Av-Gay's most significant discovery was the identification and characterization of PtpA, a protein phosphatase in Mtb which inhibits the normal macrophage innate response to infection. PtpA interferers with the macrophage signalling machinery, modulating GSK3 phosphorylation and enabling Mtb replication within it. His research suggested that targeting PtpA and its substrates can be considered a novel approach for TB drug development.

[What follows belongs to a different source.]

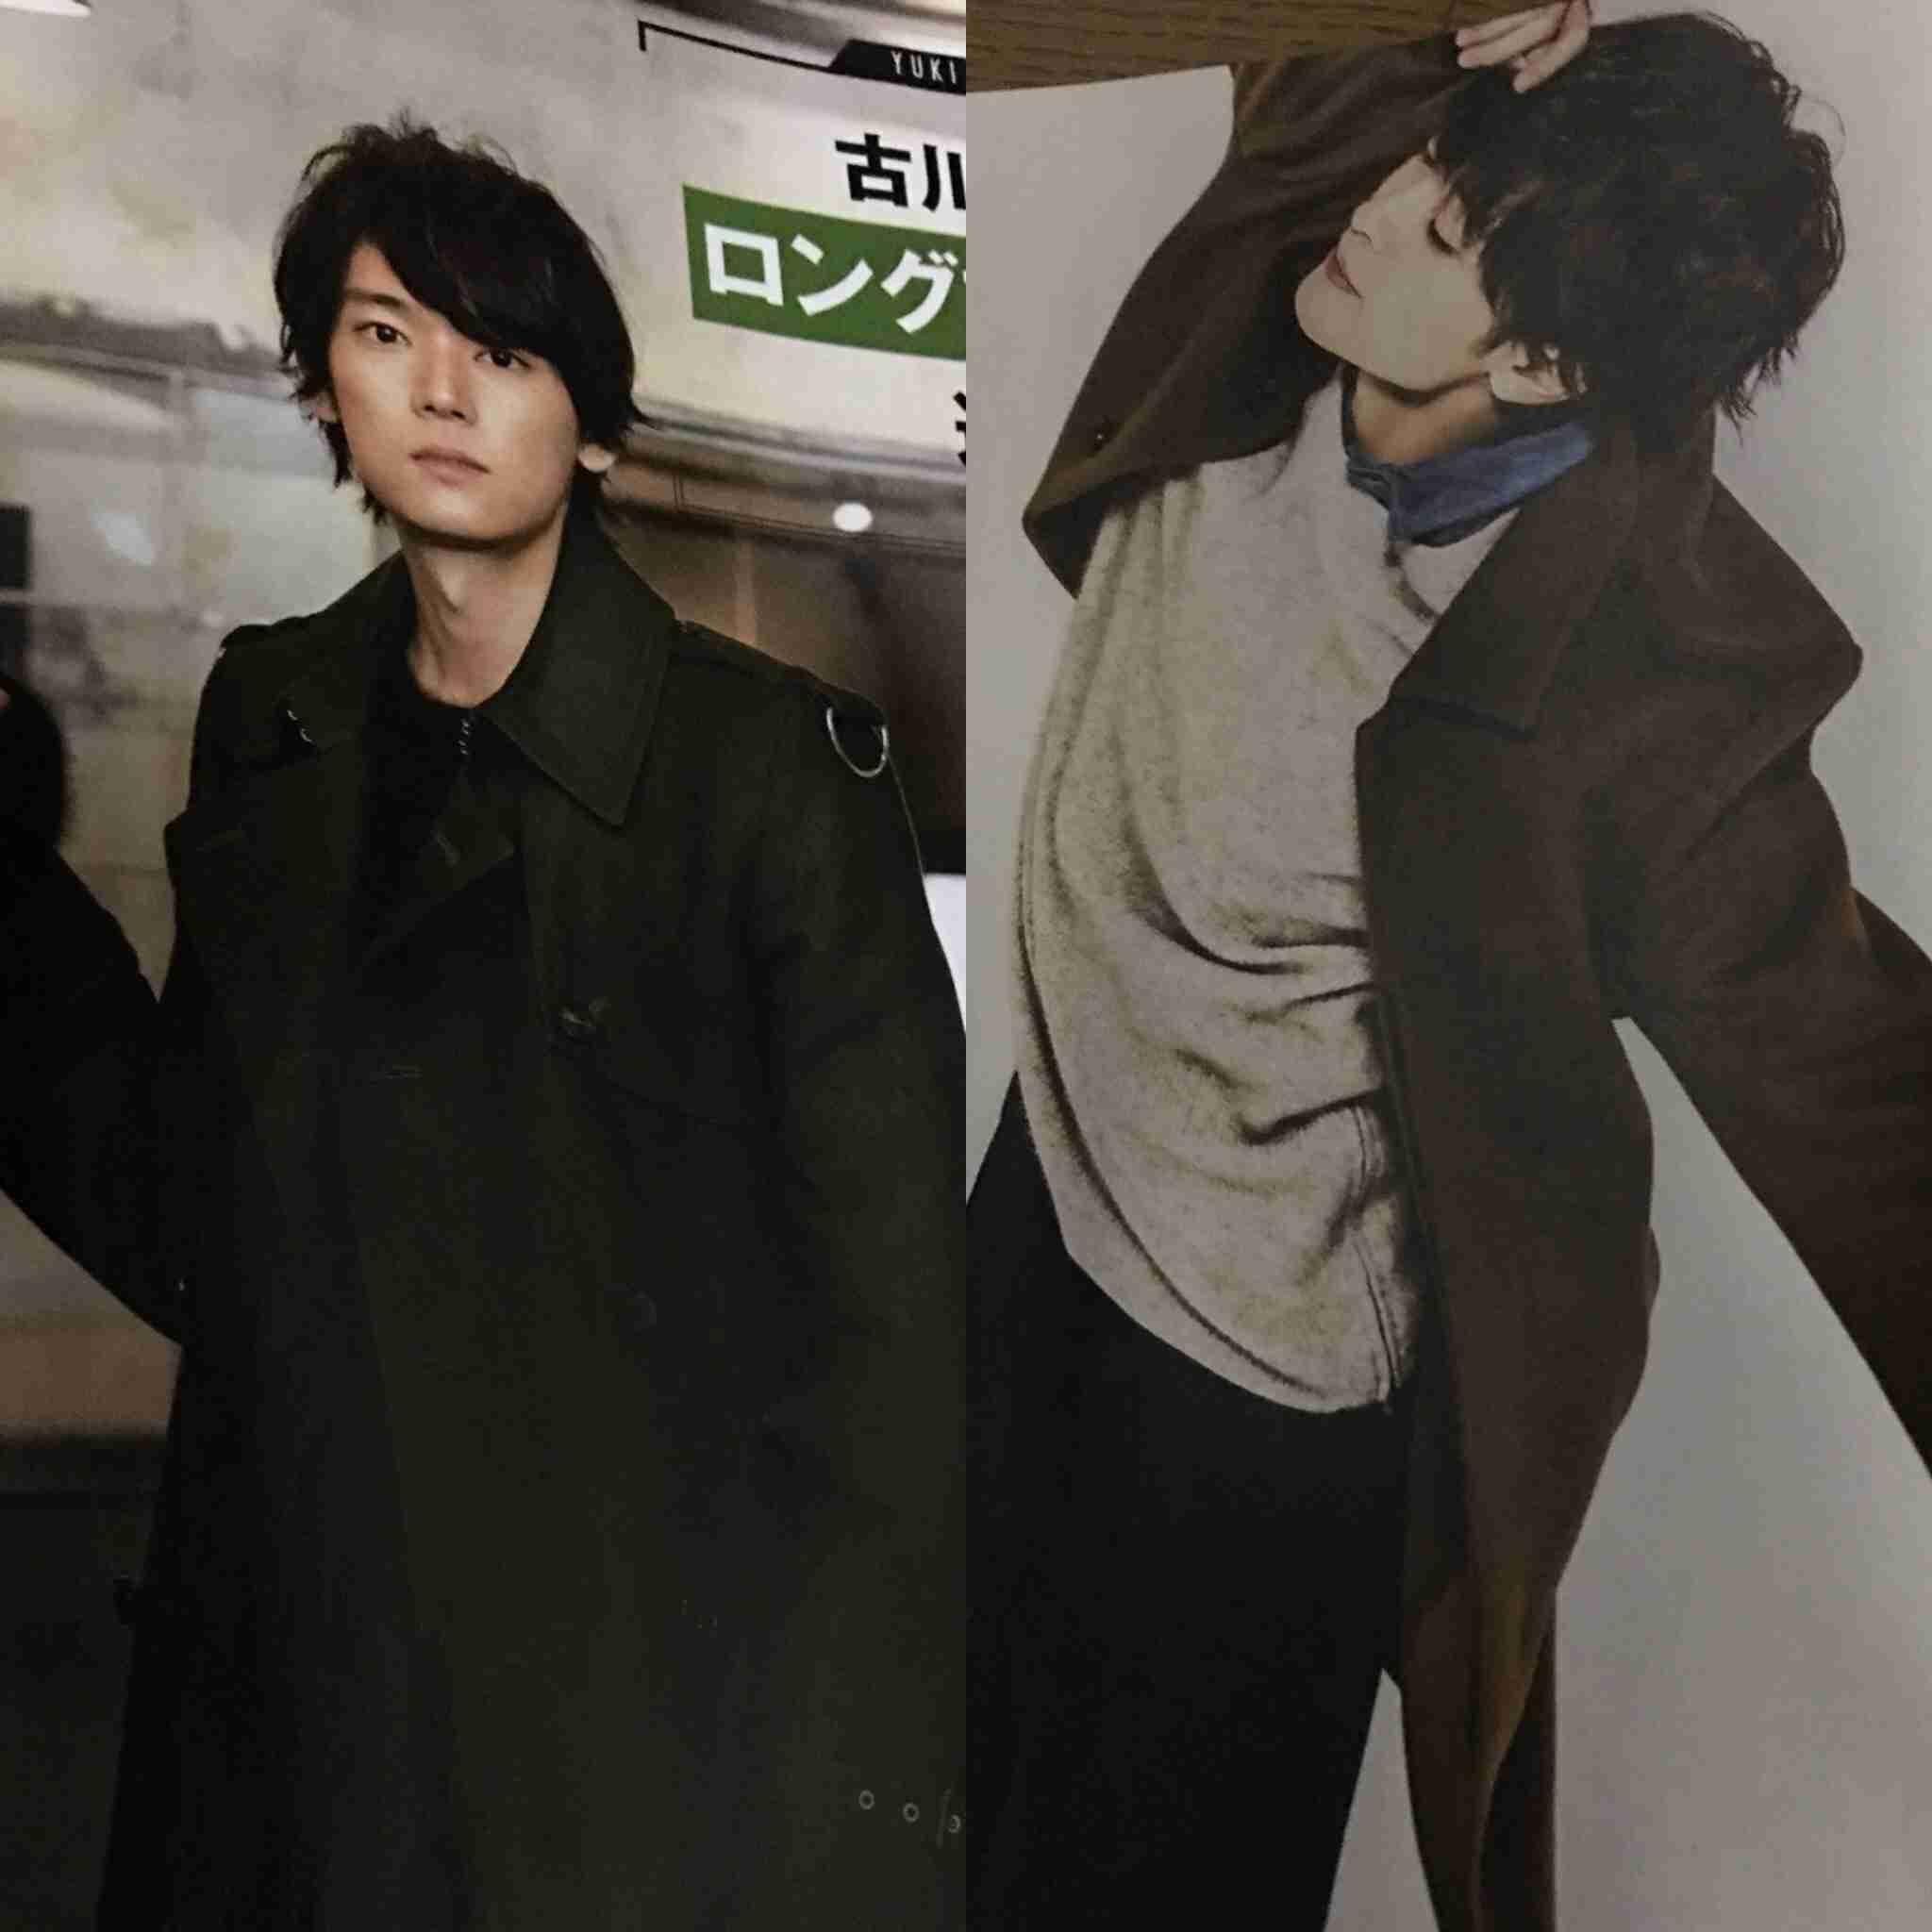 【実況・感想】重要参考人探偵 #3
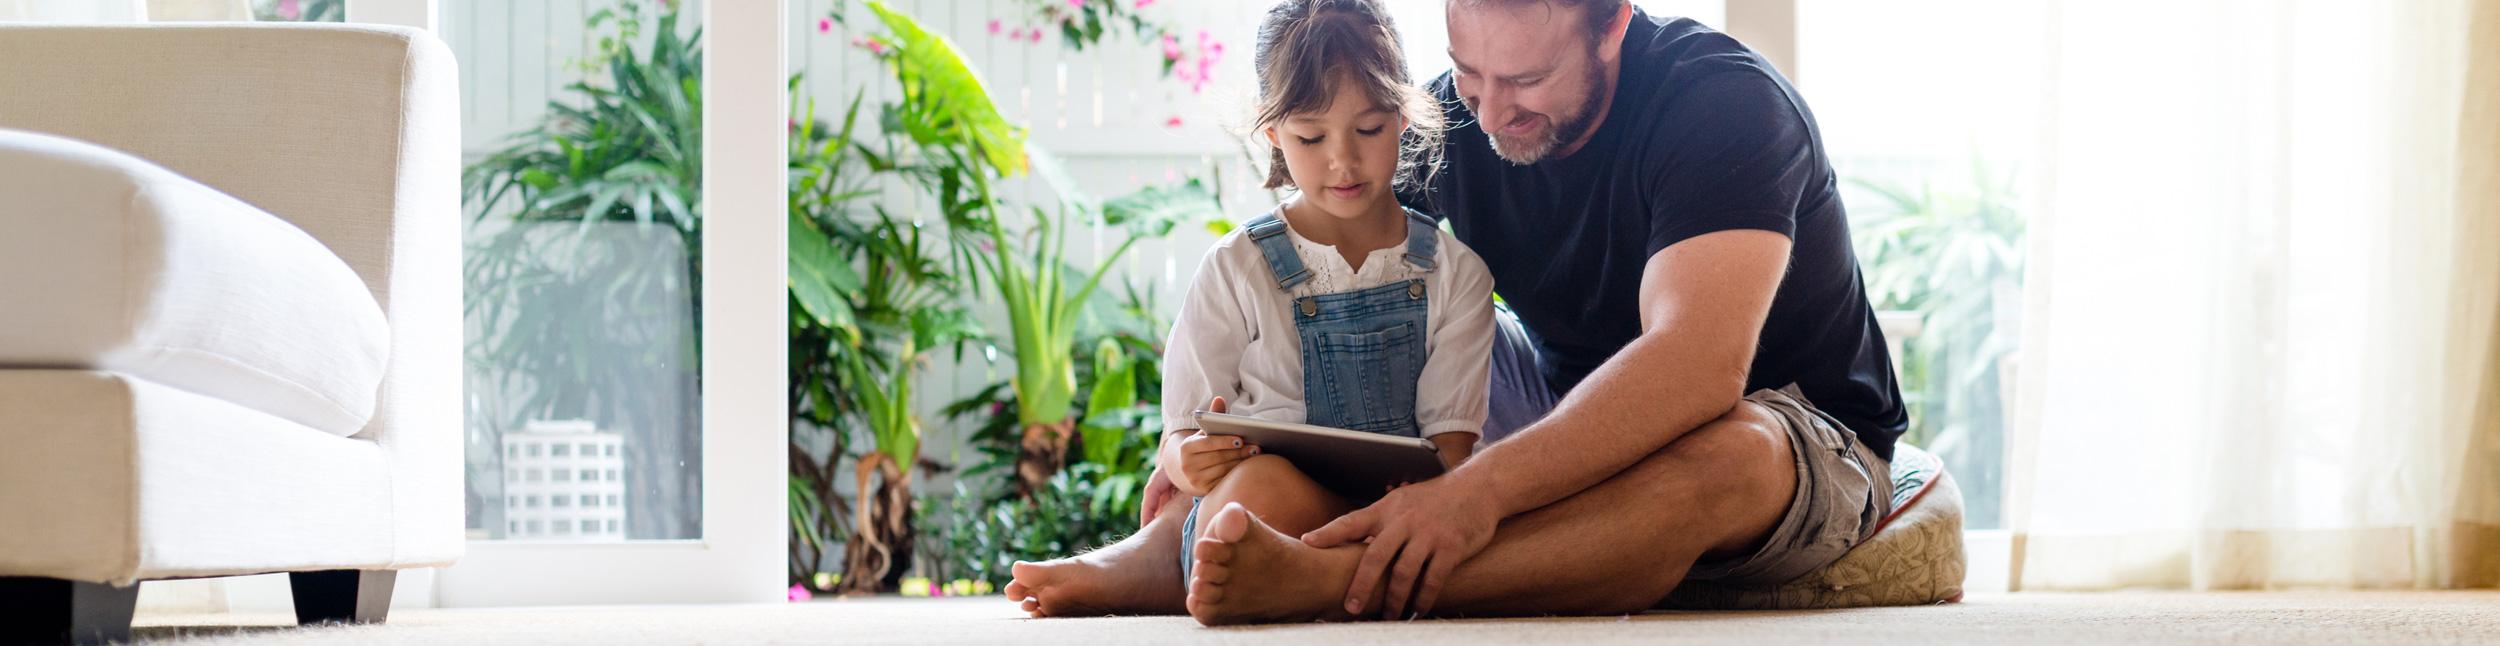 Vater und Tochter entspannen auf dem Fussboden. Dank Fussbodenheizung wird Ihr Fussboden zu einem Entspannungsort.

Av-Gay authored over 100 peer review scientific publications, review articles, book chapters and 15 patents; he served as an editor for the Journal of Biological Chemistry (2010–2015), and board of scientific advisory of several biotechnology companies. Av-Gay is a member of the scientific review panels of the Canadian Institutes of Health Research (2009–2016) and Foundation and Project Grants (2016-), the French Agence nationale de la recherche, Innovative Medicine Innovations, The UK welcome Trust, US National Institutes of Health, and the European Commission FP6, FP7 and Horizon 2020 programs. He is also the founder of two startup companies Enox Biopharma and the NASDAQ traded company Beyond Air.